Certainly, those portions of the Newsletter that identify particular groups including the FHA are confined to extracts from other publications including a number of newspapers. Nevertheless, although the reference to the FHA is confined relevantly to what I would accept as a sanitised version of the first matter complained of, the Newsletter singles out the FHA among a limited number of others as a group apparently worthy of particular mention in the context of a newsletter whose express objective is to focus on the "activities and mental health implications of destructive groups". It would, in my opinion, be open to an ordinary reasonable reader to infer "guilt by association" between those groups and the FHA.

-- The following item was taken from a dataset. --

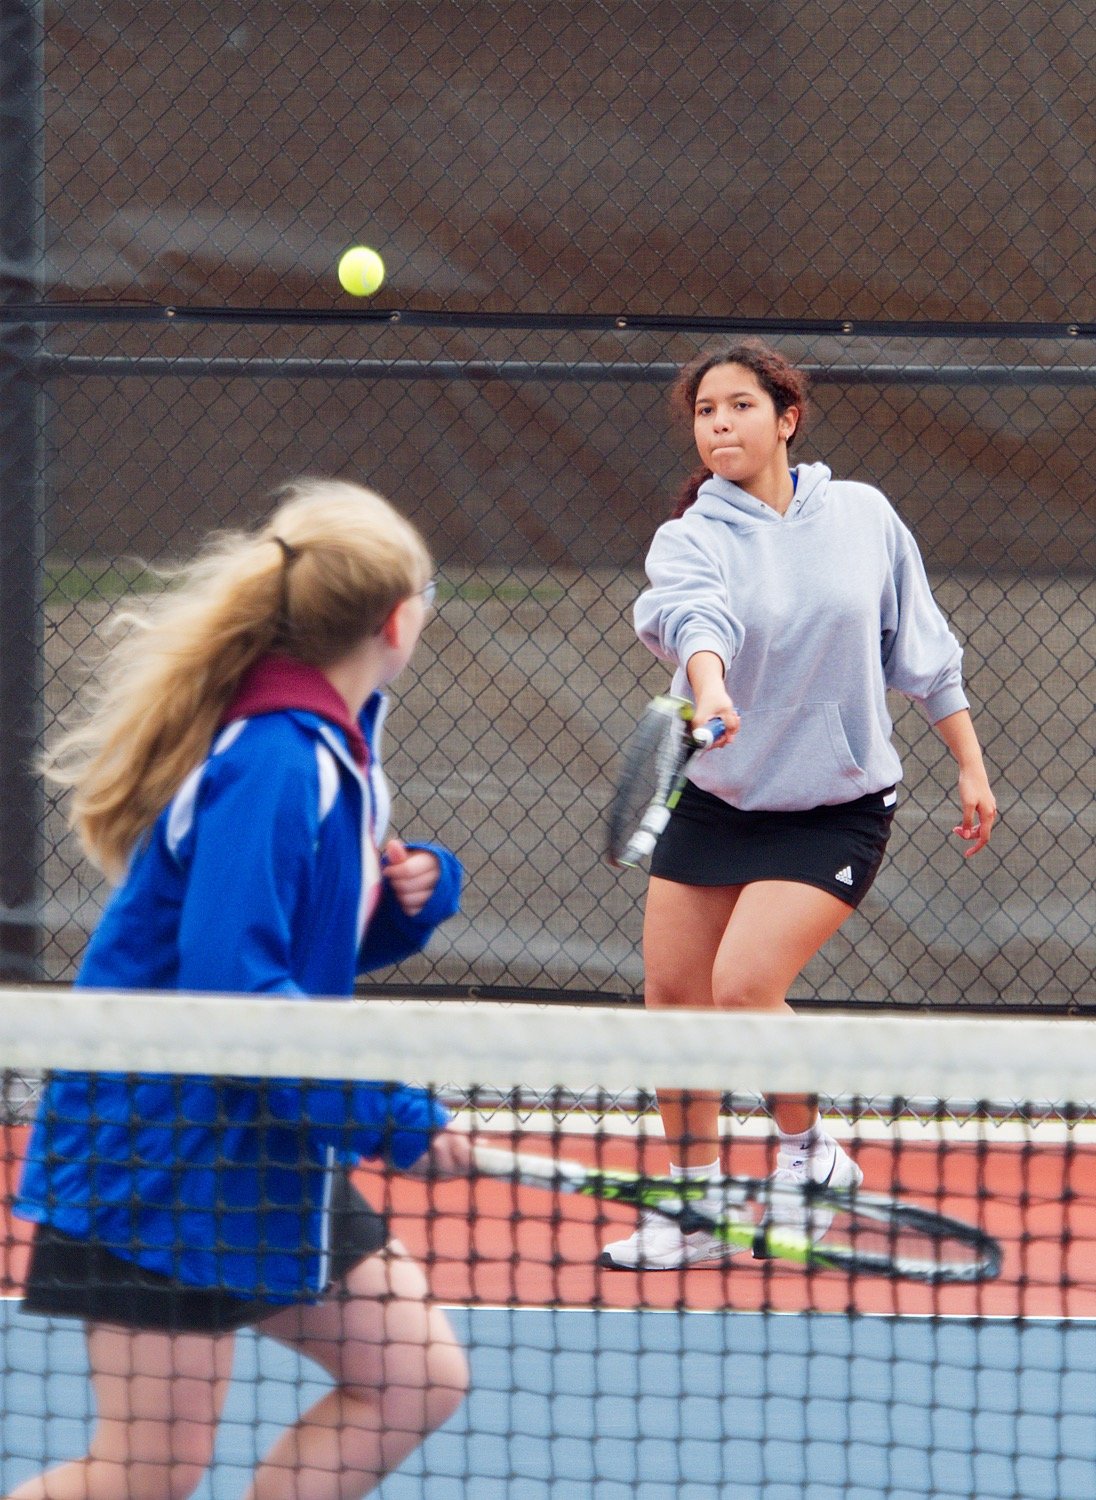 Emily Roman plays a forehand from the baseline as Tristan Wood gets in position at the net. [view more volleys]

In my opinion, therefore, I regard the second matter complained of as being in a different category to the first matter complained of. In my view it would be open to the ordinary reasonable reader, when considering that matter as a whole, to conclude that it carried the imputation in question. It follows, with respect, that I consider that the primary judge erred in failing to determine that the second matter complained of was reasonably capable of carrying imputations 12(d), 13(b) and 14(b).

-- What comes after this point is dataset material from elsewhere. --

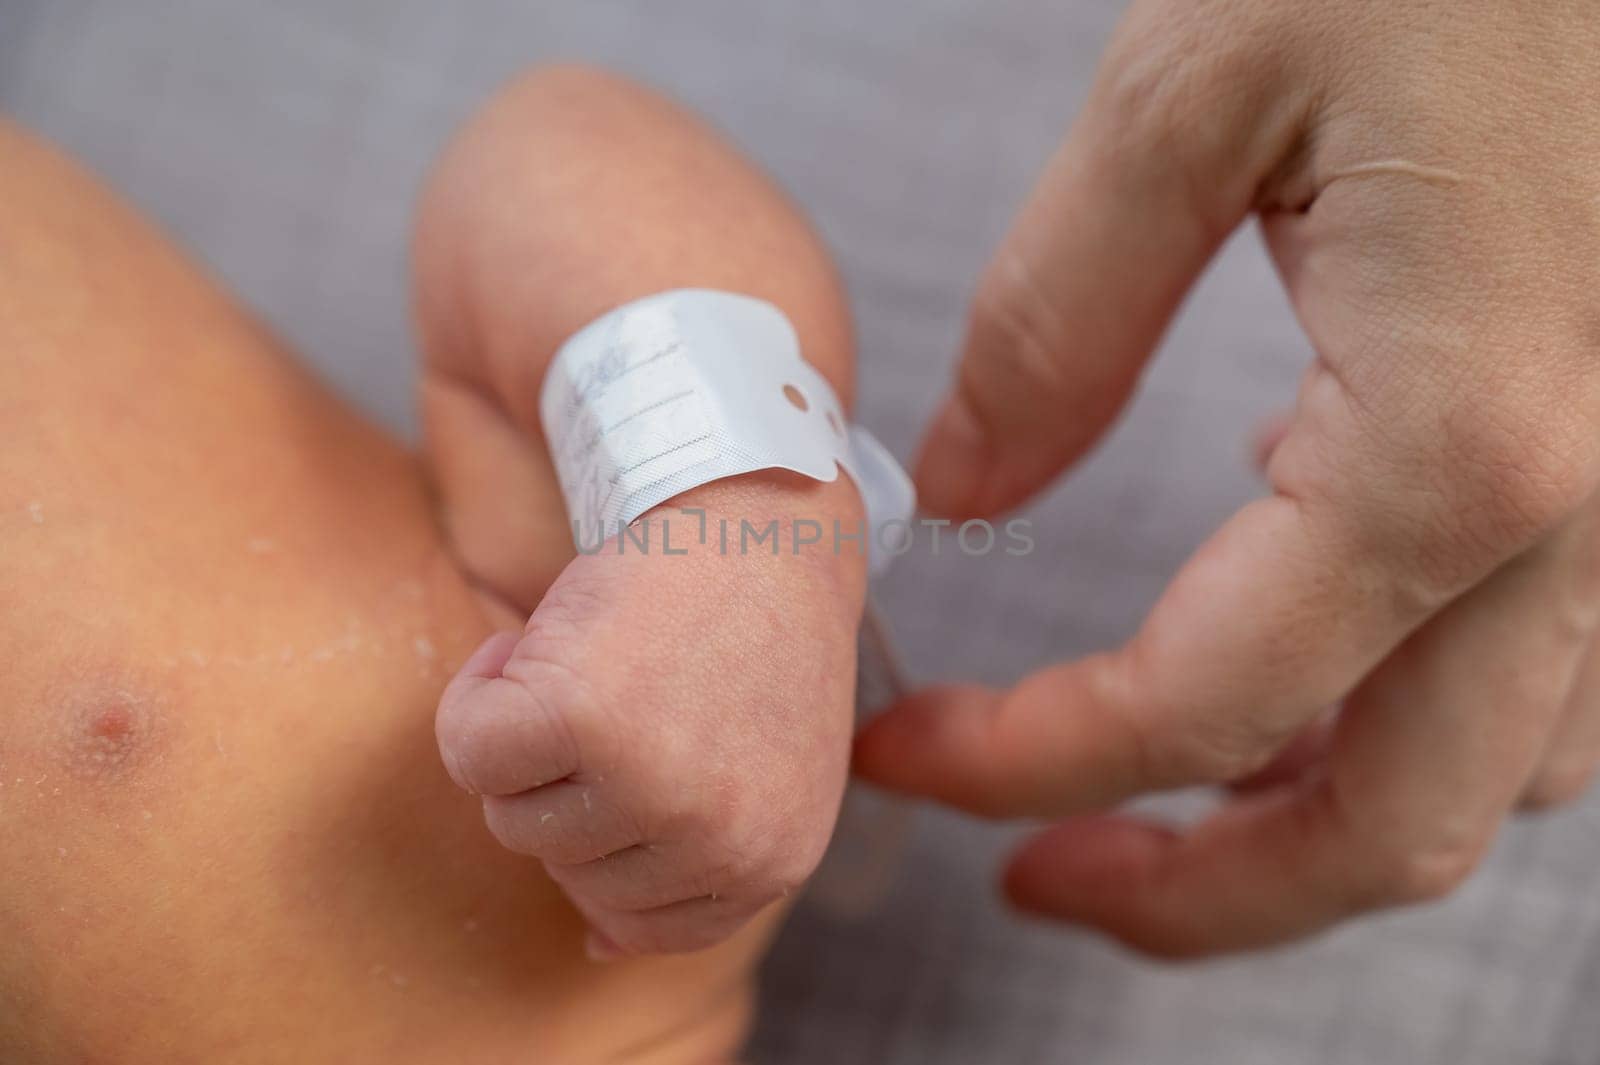 Woman holding newborn by tag on hand

The first and second respondents' Notice of Contention
The first and second respondents' Notice of Contention concerned paragraph 15 of the ASC. It is unnecessary to consider it further as those respondents and the appellants have reached agreement as to its disposition, which is reflected in the order proposed in [56(e)] and [56(f)] below.
The parties were also in agreement as to a further amendment to his Honour's orders relating to imputation 6(i) which is reflected in the orders proposed.
Conclusion
I would propose the following orders:
(a) Appeal allowed in part;
(b) Vary Order 1 made by Levine J on 19 February 2004 by deleting therefrom the reference to imputation 6(i) and by adding thereto a reference to imputations 12(d), 13(b) and 14(b);
(c) Vary Order 2 made by Levine J on 19 February 2004 by adding thereto a reference to imputation 6(i);
(d) Vary Order 3 made by Levine J on 19 February 2004 by deleting therefrom the reference to imputations 12(d), 13(b) and 14(b);
(e) Order that paragraph 15 of the Amended Statement of Claim be struck out but that leave be granted to the appellants to replead the allegation of republication of part of the first matter complained of by its inclusion within the second matter complained of by filing a further amended statement of claim within 21 days of the date of those orders;
(f) Order that the appellants pay the first and second respondents' costs of the republication issue including the costs of the Notice of Contention;
(g) Order that the first and second respondents pay the costs of the appeal with respect to the first matter complained of;
(h) Order that the third respondent pay the costs of the appeal with respect to the second matter complained of but to have, if qualified, a certificate under the Suitor's Fund Act, 1951.
YOUNG CJ in Eq: I agree with Tobias JA.